At the same time, my startup command is: master

nvidia-cuda-mps-control -d
CUDA_VISIBLE_DEVICES=0 python -m lightllm.server.api_server --model_dir /opt/nas/p/zhangwei/model_hub/Qwen2.5-7B-Instruct --model_name qwen --run_mode "pd_master" --host 0.0.0.0 --port 60011

prefil

CUDA_VISIBLE_DEVICES=0,1 KV_TRANS_USE_P2P=1 LOADWORKER=1 python -m lightllm.server.api_server --model_dir /opt/nas/p/zhangwei/model_hub/Qwen2.5-7B-Instruct --run_mode "prefill" --host 0.0.0.0 --port 8017 --tp 2 --nccl_port 2732 --max_total_token_num 400000 --tokenizer_mode fast --pd_master_ip 0.0.0.0  --pd_master_port 60011 --use_dynamic_prompt_cache --max_req_total_len 16000 --running_max_req_size 128 --disable_cudagraph

decode

CUDA_VISIBLE_DEVICES=2,3,4,5 KV_TRANS_USE_P2P=1 LOADWORKER=10 python -m lightllm.server.api_server --model_dir /opt/nas/p/zhangwei/model_hub/Qwen2.5-7B-Instruct --run_mode "decode" --host 0.0.0.0 --port 8118 --nccl_port 12322 --tp 4 --max_total_token_num 400000 --graph_max_len_in_batch 2048 --graph_max_batch_size 16 --tokenizer_mode fast --pd_master_ip 0.0.0.0 --pd_master_port 60011 --use_dynamic_prompt_cache

Have you encountered the above problems? Is there any solution?

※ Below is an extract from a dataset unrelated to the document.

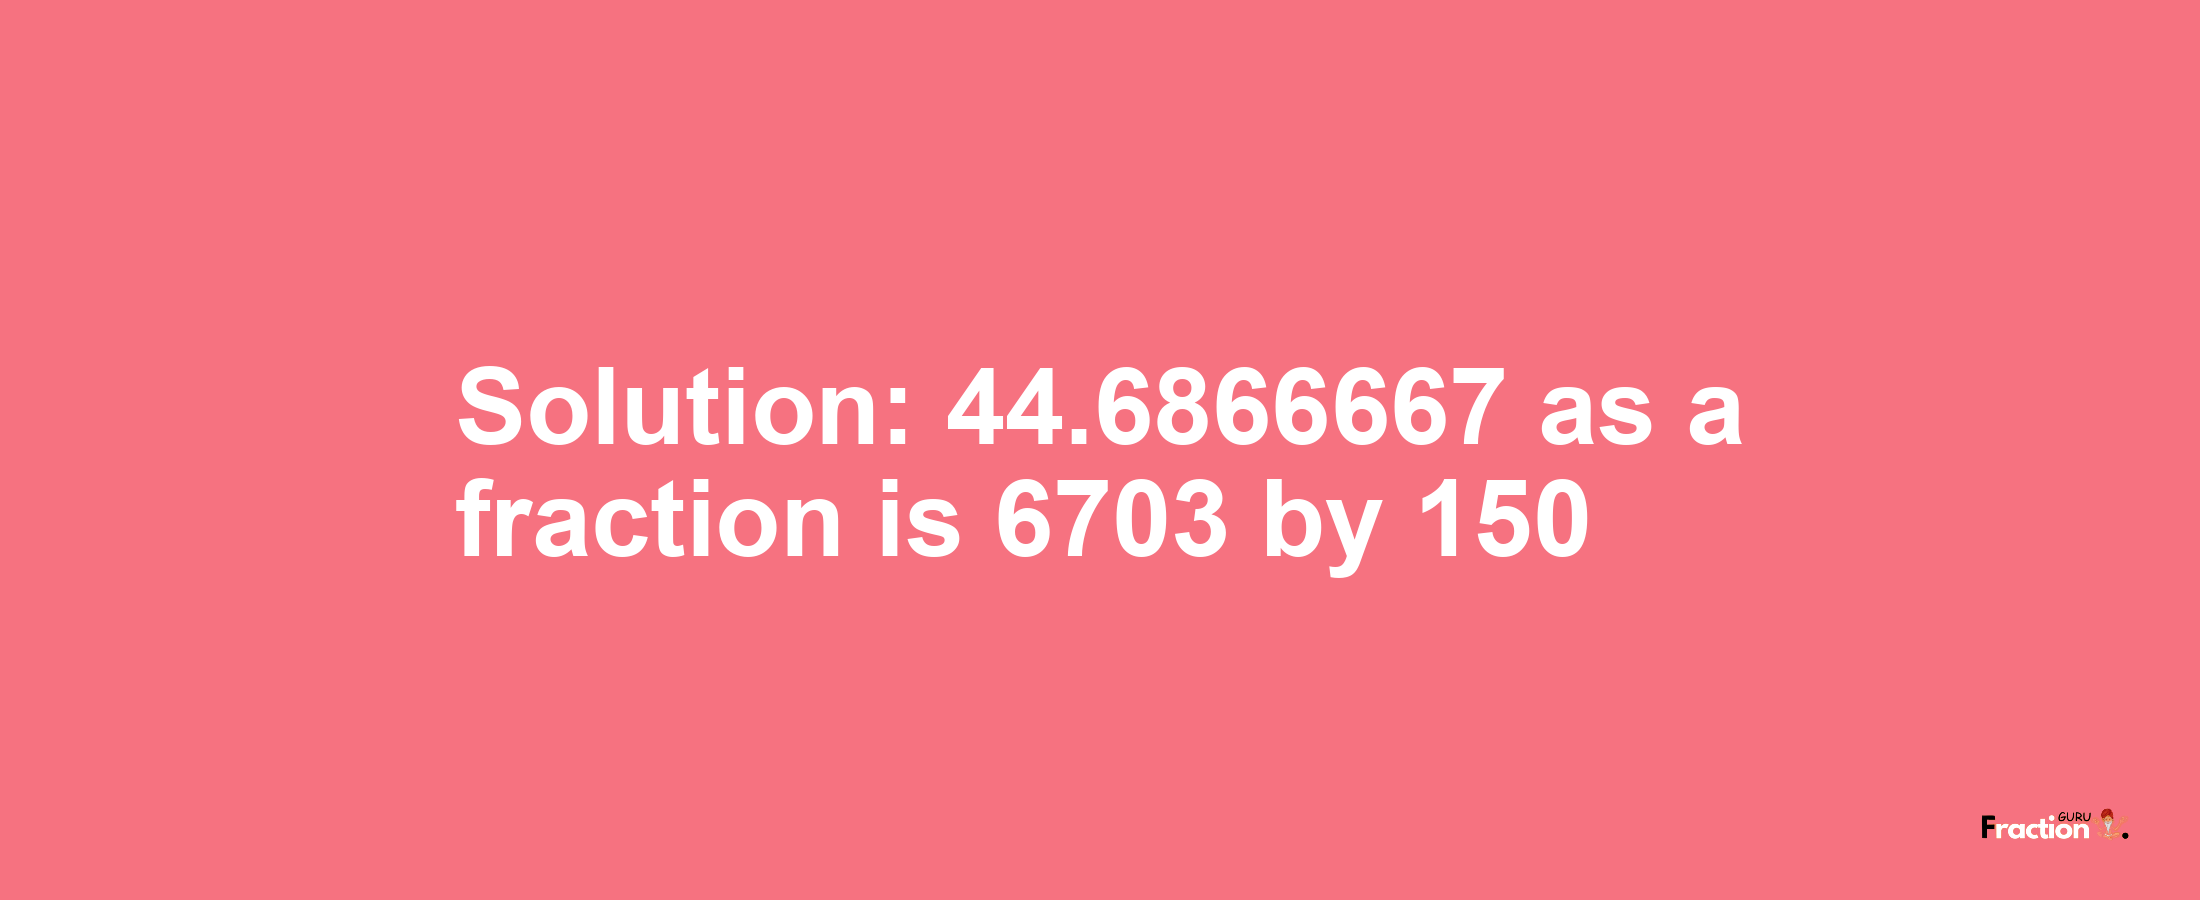 Solution:44.6866667 as a fraction is 6703/150

Dimensionzw avatar Feb 12 '25 09:02 Dimensionzw

@Dimensionzw prefill node and decode node need use same --tp params. currently this constraint is needed.

hiworldwzj avatar Feb 19 '25 06:02 hiworldwzj

Does support multi-node PD disaggregated currently ?

sitabulaixizawaluduo avatar Feb 19 '25 11:02 sitabulaixizawaluduo

So does it support multiple P nodes and multiple D nodes? If supported, please provide an example, e.g. 1P2D

binbabou avatar Feb 24 '25 10:02 binbabou

@sitabulaixizawaluduo @DayDayupupupup supported now, only start p and d, the pd master will manager all details.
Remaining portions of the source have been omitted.